The administration's latest stumble resulted from the fact that the two men it was trying to put on trial, Salim Ahmed Hamdan and Omar Khadr, had been judged by Guantanamo's parallel system of Combatant Status Review Tribunals to be "enemy combatants" only, without the designation "unlawful." Contrary to the claims of embarrassed Pentagon spokesmen, the problem is not merely semantic but stems directly from Mr. Bush's disastrous decision to ignore the Geneva Conventions. Capt. Keith J. Allred, a military judge, ruled that Mr. Hamdan had never received "an individualized determination" that he was an unlawful combatant, as required under Geneva; without that, detainees are entitled to be treated as prisoners of war. The judge also found that the standard for "enemy combatant" used by the status tribunals was broader than that for "unlawful combatant" as established by Congress for purposes of the military commissions.

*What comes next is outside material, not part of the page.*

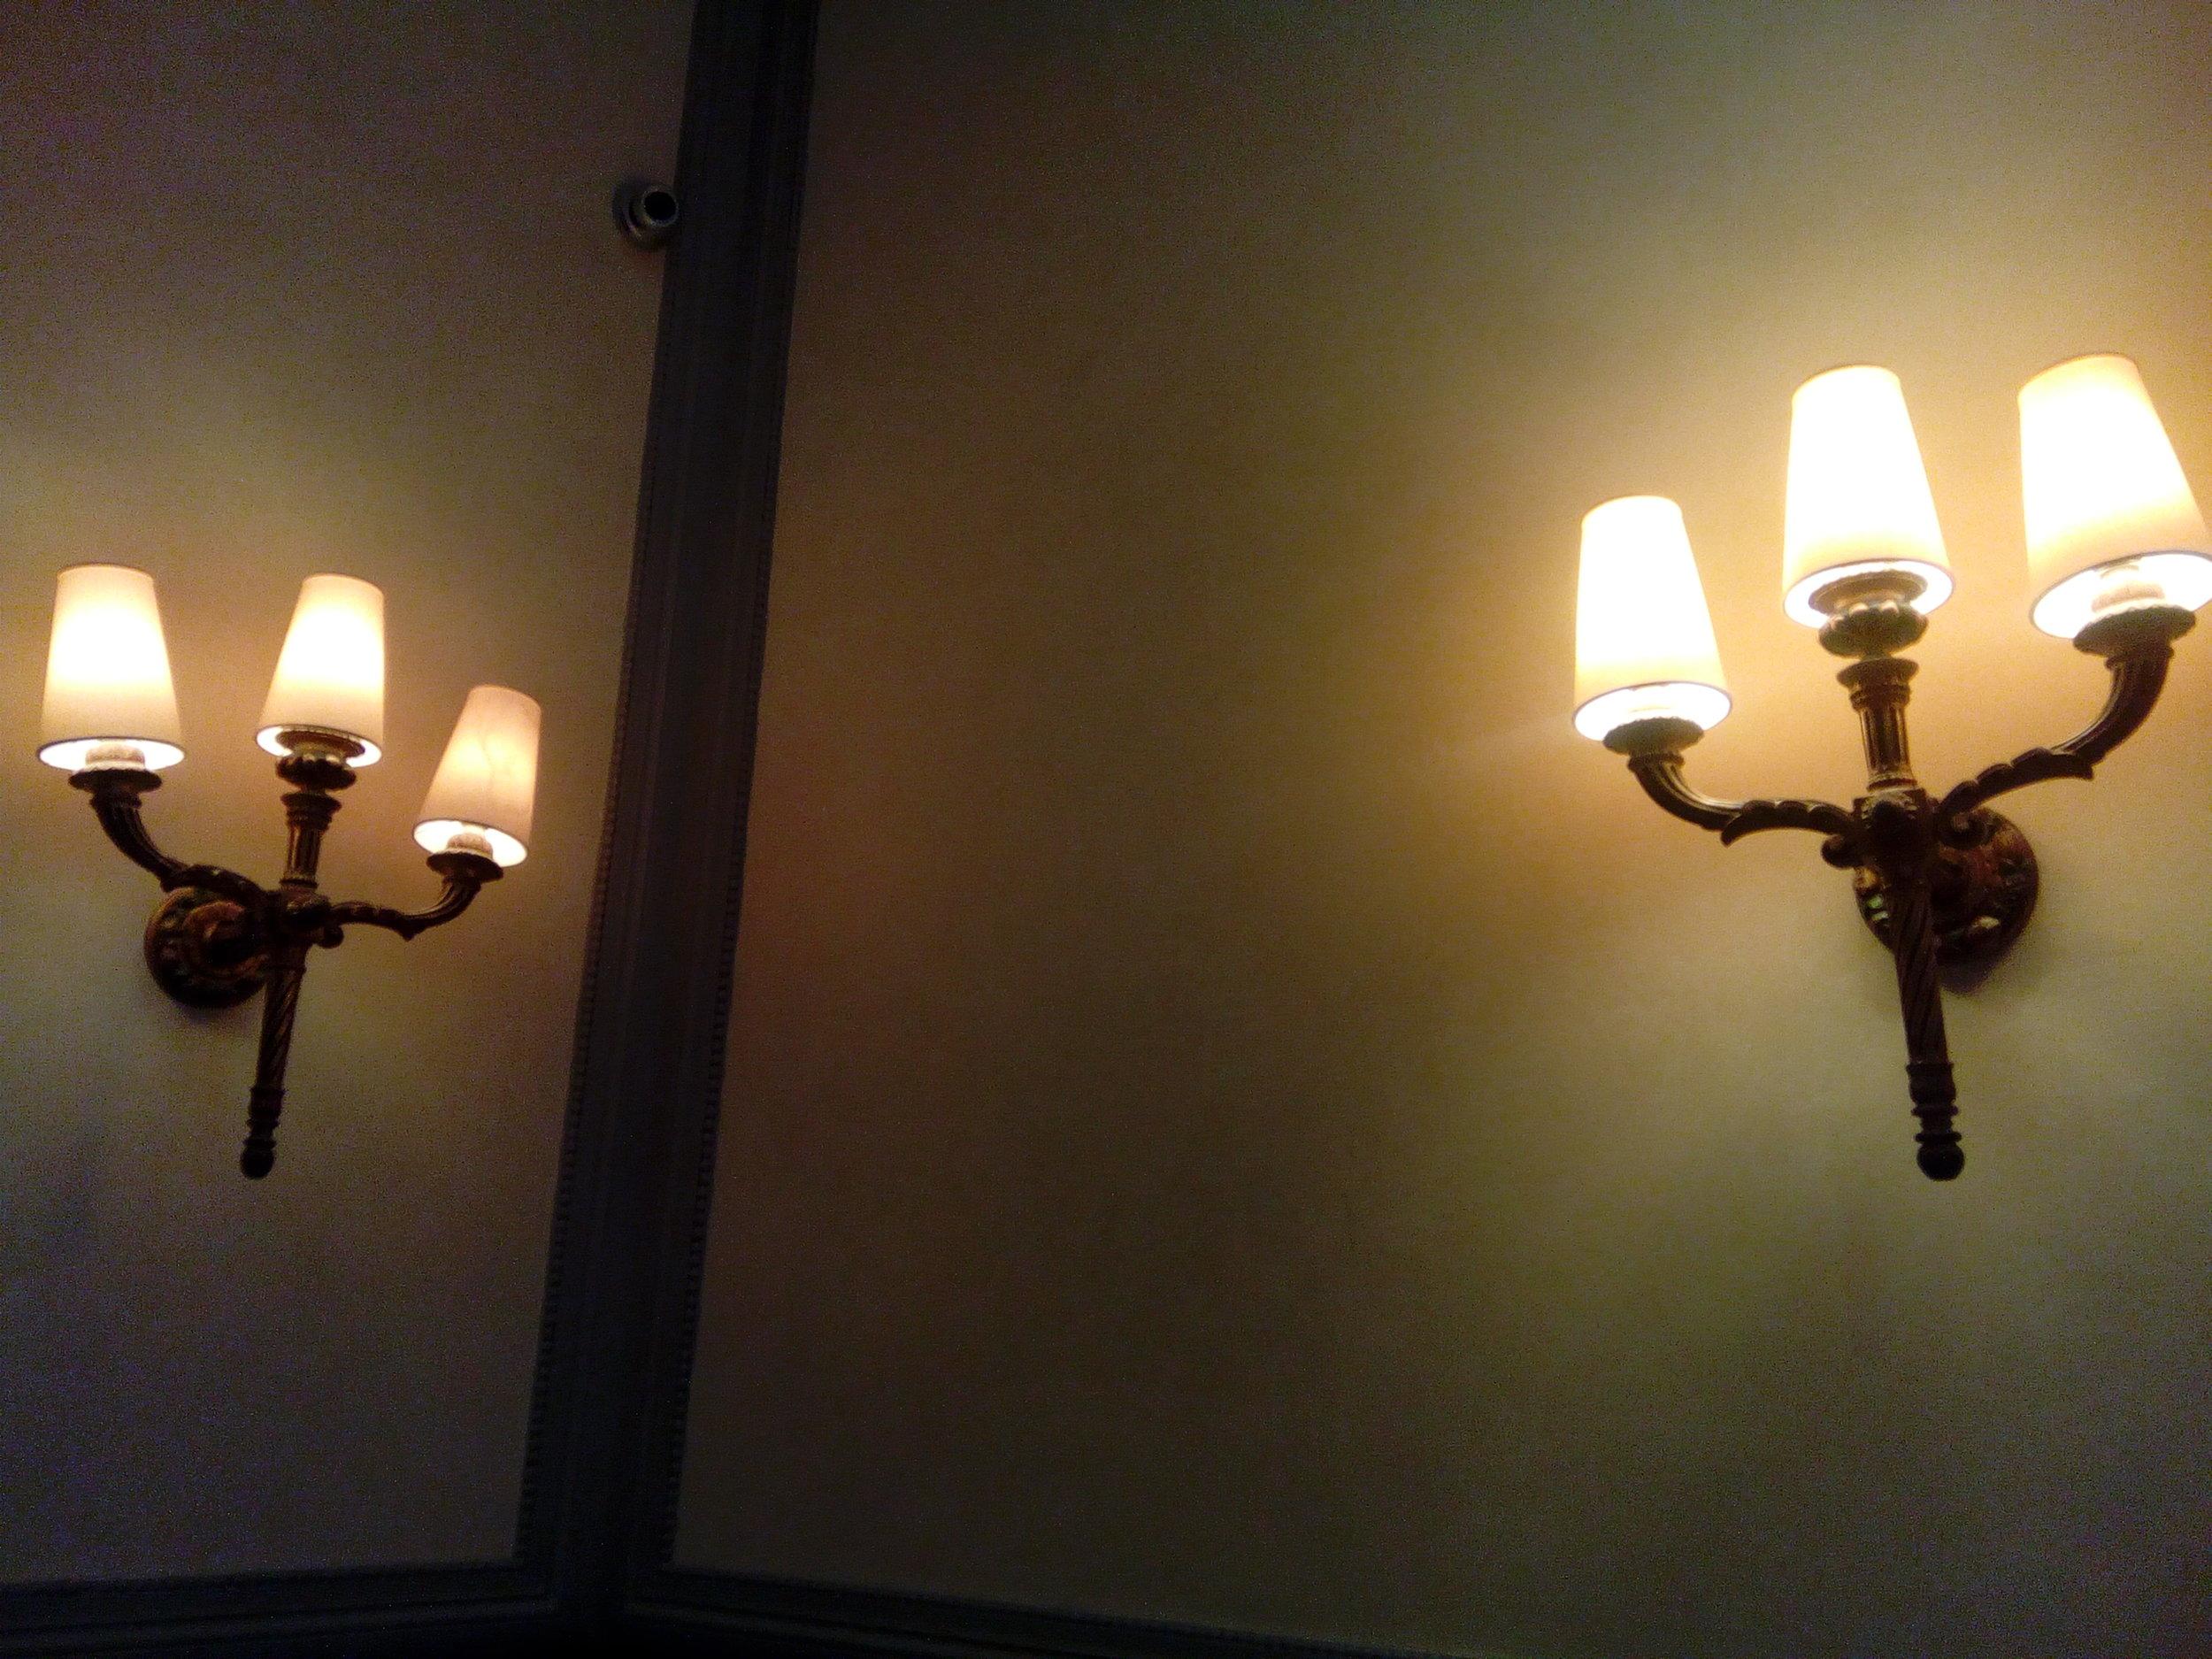 hk 14 light tridents.jpg

In theory, the administration could appeal the judges' rulings -- but the appeals court that is to hear military commission cases hasn't yet been established. The administration could also rehold tribunals for the approximately 80 Guantanamo detainees it intends to put on trial. Either way, the legal quagmire it has blundered into will only deepen, along with the discredit Guantanamo has already acquired around the world. Cleaning up the mess won't be easy: While closing Guantanamo is an important goal, this administration or its successor will first have to figure out how to dispose of those prisoners who cannot be tried or returned to their native countries and who are too dangerous to be released.

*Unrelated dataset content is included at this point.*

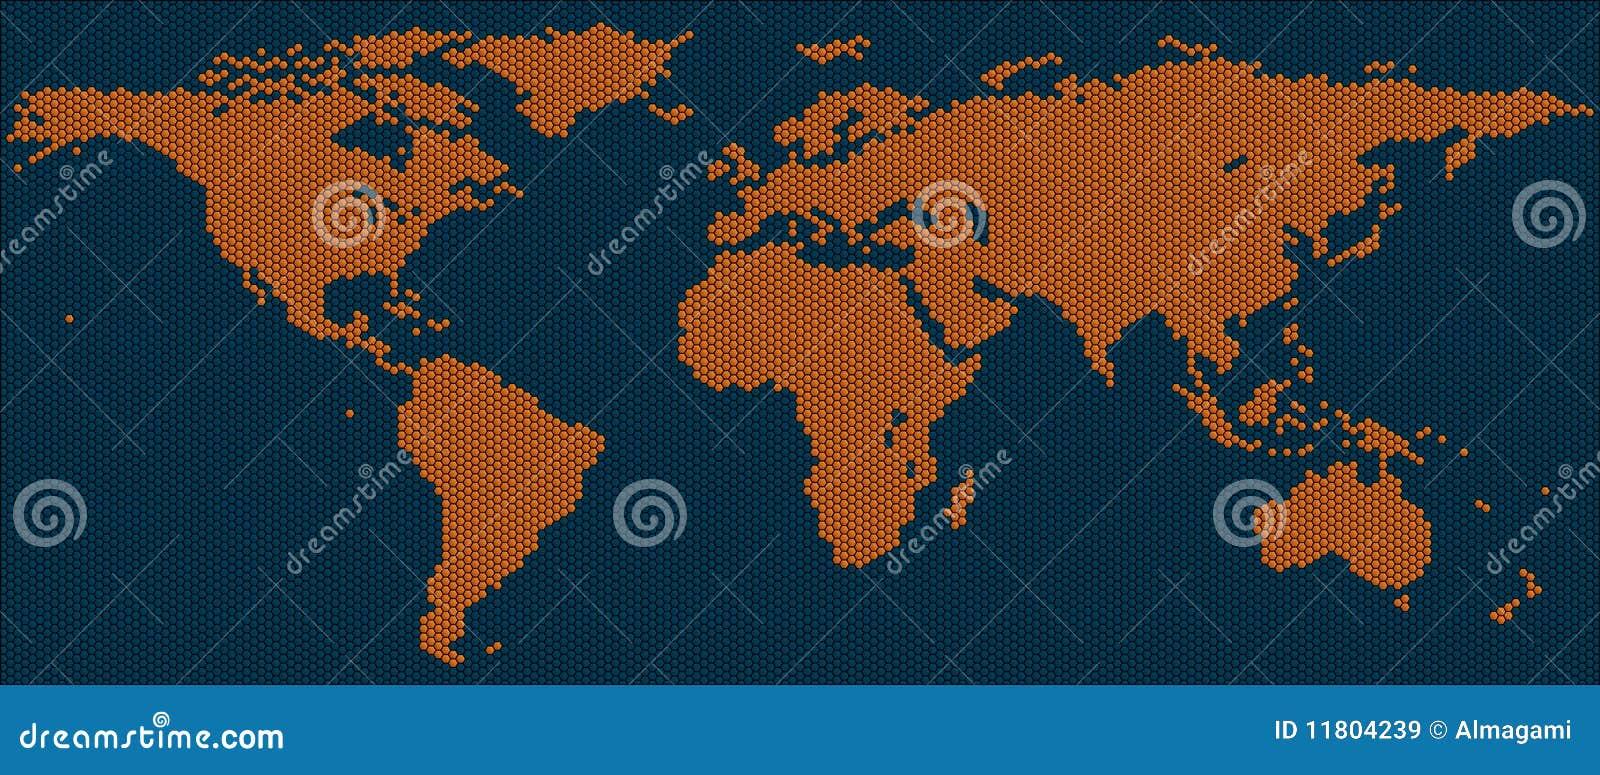 World Map Of Hexagon Tiles Stock Illustration

For now, Congress can mitigate the trouble by passing two pieces of legislation that are before it. One, to be voted on today by the Senate Judiciary Committee under the bipartisan sponsorship of Arlen Specter (R-Pa.) and Patrick Leahy (D-Vt.), would restore the right of habeas corpus to Guantanamo prisoners, allowing them to appeal their detentions to U.S. federal courts. The other, which has been attached to the Senate's version of the annual defense authorization bill by Sen. Carl M. Levin (D-Mich.), would reform the deeply flawed tribunal process at Guantanamo by requiring that detainees be represented by lawyers and have access to the evidence against them. The measure would also curtail the use of evidence obtained by coercion and require that the tribunals be headed by judges. If Guantanamo detainees are to be subject to special trials in which they could be sentenced to death, the process that determines them to be "unlawful combatants" who are eligible for that justice should be unimpeachable.